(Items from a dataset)
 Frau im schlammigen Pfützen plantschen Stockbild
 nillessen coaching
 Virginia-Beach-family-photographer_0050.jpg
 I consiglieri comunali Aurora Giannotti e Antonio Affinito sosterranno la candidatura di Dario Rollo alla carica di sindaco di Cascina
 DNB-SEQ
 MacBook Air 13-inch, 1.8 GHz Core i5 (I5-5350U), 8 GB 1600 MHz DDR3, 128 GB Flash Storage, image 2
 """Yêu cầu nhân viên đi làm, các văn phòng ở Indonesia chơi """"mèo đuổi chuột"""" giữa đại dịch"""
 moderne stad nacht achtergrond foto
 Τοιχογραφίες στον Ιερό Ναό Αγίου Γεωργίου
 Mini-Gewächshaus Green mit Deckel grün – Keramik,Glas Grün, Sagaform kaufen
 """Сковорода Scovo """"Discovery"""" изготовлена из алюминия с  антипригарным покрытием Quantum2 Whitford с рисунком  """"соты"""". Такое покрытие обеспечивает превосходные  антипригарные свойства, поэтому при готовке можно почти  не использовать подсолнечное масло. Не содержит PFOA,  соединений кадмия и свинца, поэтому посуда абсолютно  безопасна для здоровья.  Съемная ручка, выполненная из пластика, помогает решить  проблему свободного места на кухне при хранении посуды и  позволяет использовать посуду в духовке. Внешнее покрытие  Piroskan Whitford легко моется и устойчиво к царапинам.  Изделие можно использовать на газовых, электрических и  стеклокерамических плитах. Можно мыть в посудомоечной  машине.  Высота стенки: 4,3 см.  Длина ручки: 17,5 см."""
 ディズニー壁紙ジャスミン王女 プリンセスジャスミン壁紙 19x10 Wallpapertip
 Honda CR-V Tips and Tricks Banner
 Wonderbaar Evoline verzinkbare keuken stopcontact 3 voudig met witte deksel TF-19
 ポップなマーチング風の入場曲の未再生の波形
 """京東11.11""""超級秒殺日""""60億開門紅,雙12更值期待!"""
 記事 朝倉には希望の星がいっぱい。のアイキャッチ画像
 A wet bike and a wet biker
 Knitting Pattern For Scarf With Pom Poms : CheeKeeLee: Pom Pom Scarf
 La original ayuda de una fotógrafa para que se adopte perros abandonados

▶ **ABOUT THIS EXERCISE**:
Your answer should consist solely of the lines above from the line with "moderne stad nacht achtergrond foto" to the line with "Mini-Gewächshaus Green mit", both included, reproduced exactly.

▶ **RESPONSE TO THIS TASK**:
 moderne stad nacht achtergrond foto
 Τοιχογραφίες στον Ιερό Ναό Αγίου Γεωργίου
 Mini-Gewächshaus Green mit Deckel grün – Keramik,Glas Grün, Sagaform kaufen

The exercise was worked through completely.